RECORD EXCERPTS

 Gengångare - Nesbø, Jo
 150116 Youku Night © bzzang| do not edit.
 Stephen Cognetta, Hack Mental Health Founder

==

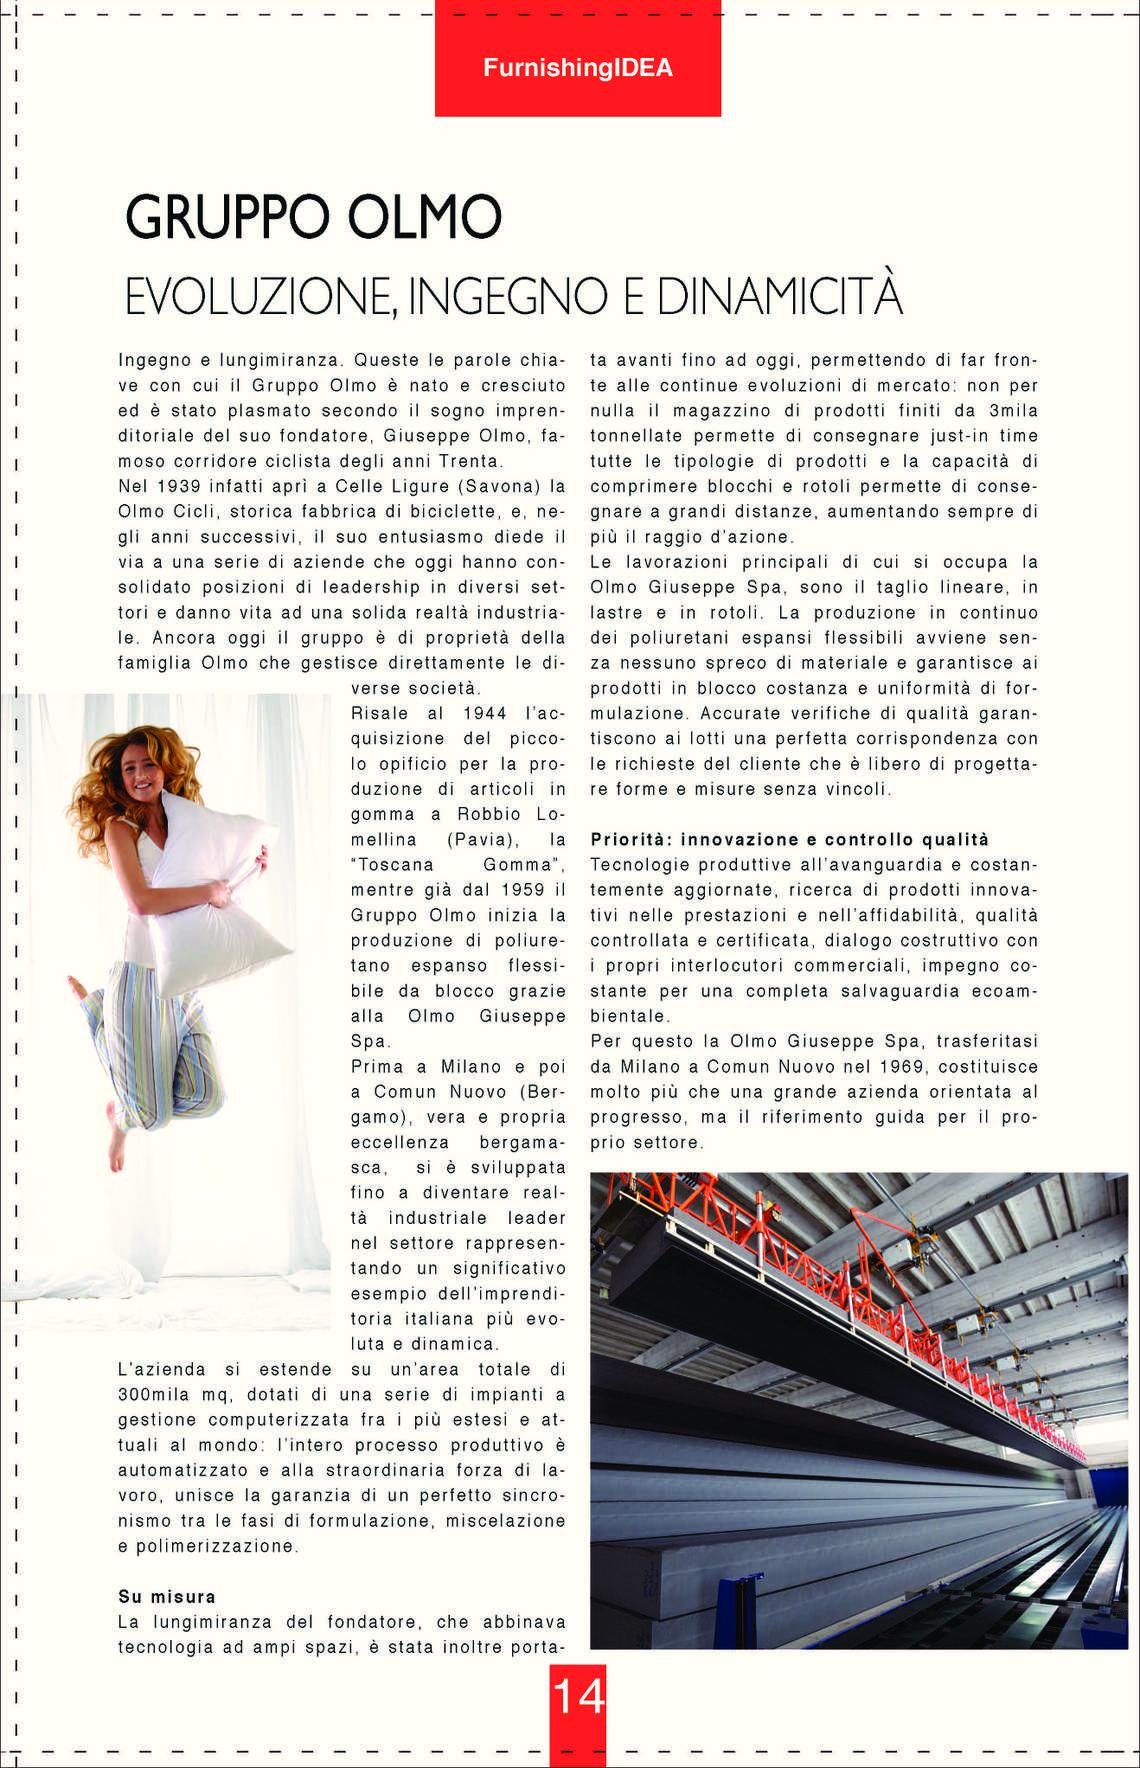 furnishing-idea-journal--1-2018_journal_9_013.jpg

...

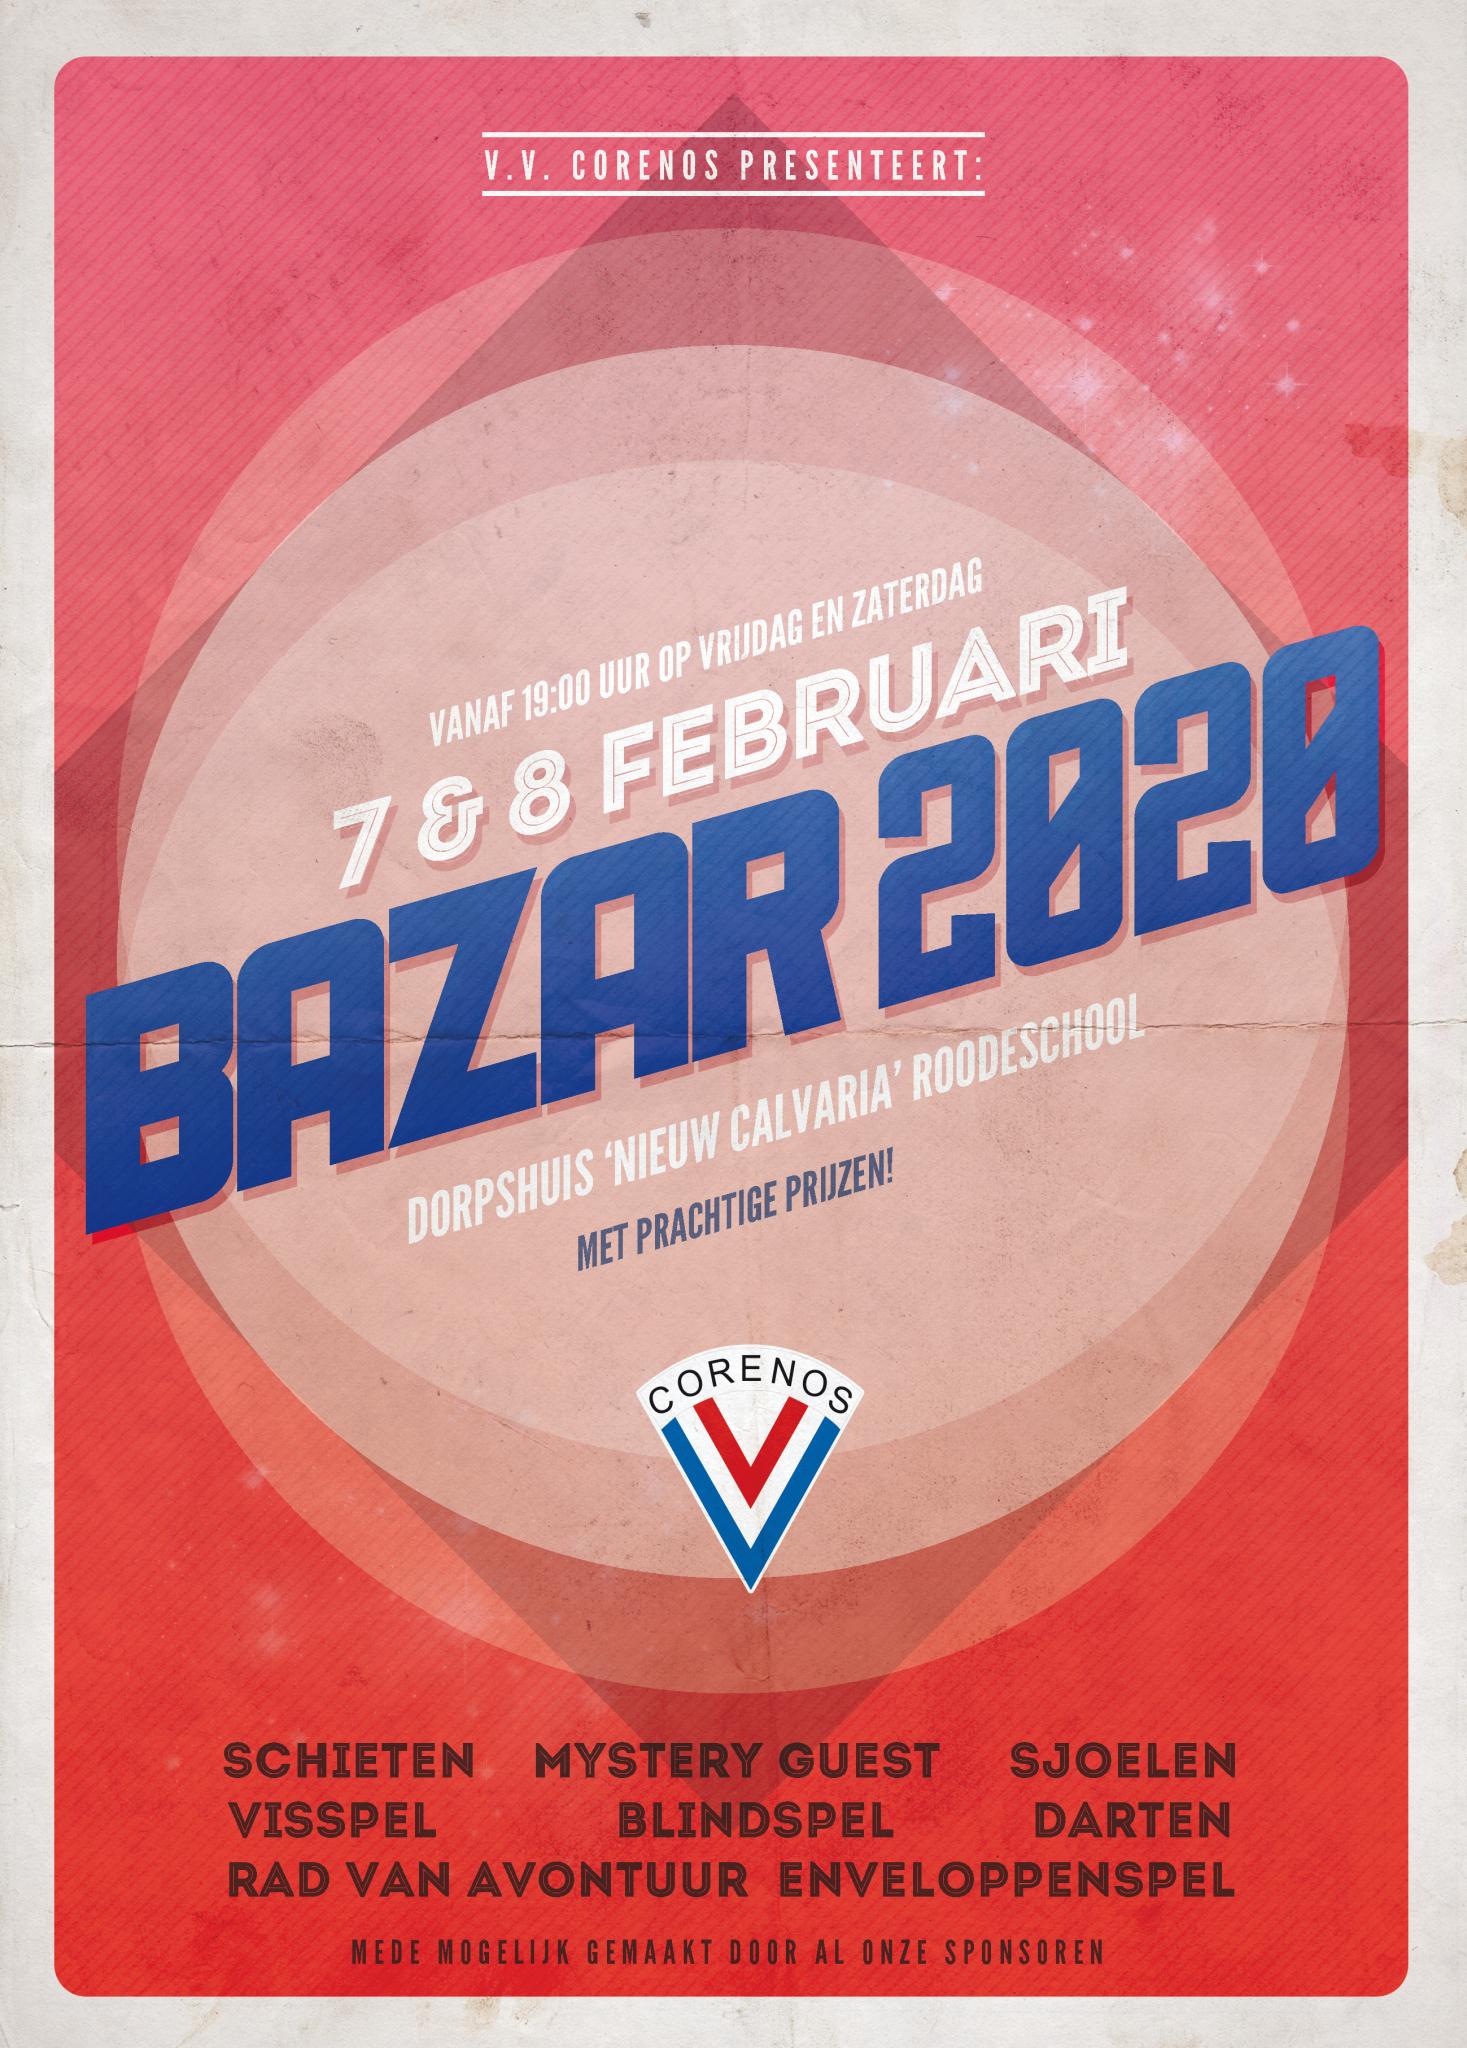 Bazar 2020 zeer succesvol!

TASK INSTRUCTIONS
Print exactly the lines above, between the one holding "150116 Youku Night © bzzang| do not edit." and the one holding "Stephen Cognetta, Hack Mental Health Founder", inclusive, and nothing besides.

RESPONSE BOX
 150116 Youku Night © bzzang| do not edit.
 Stephen Cognetta, Hack Mental Health Founder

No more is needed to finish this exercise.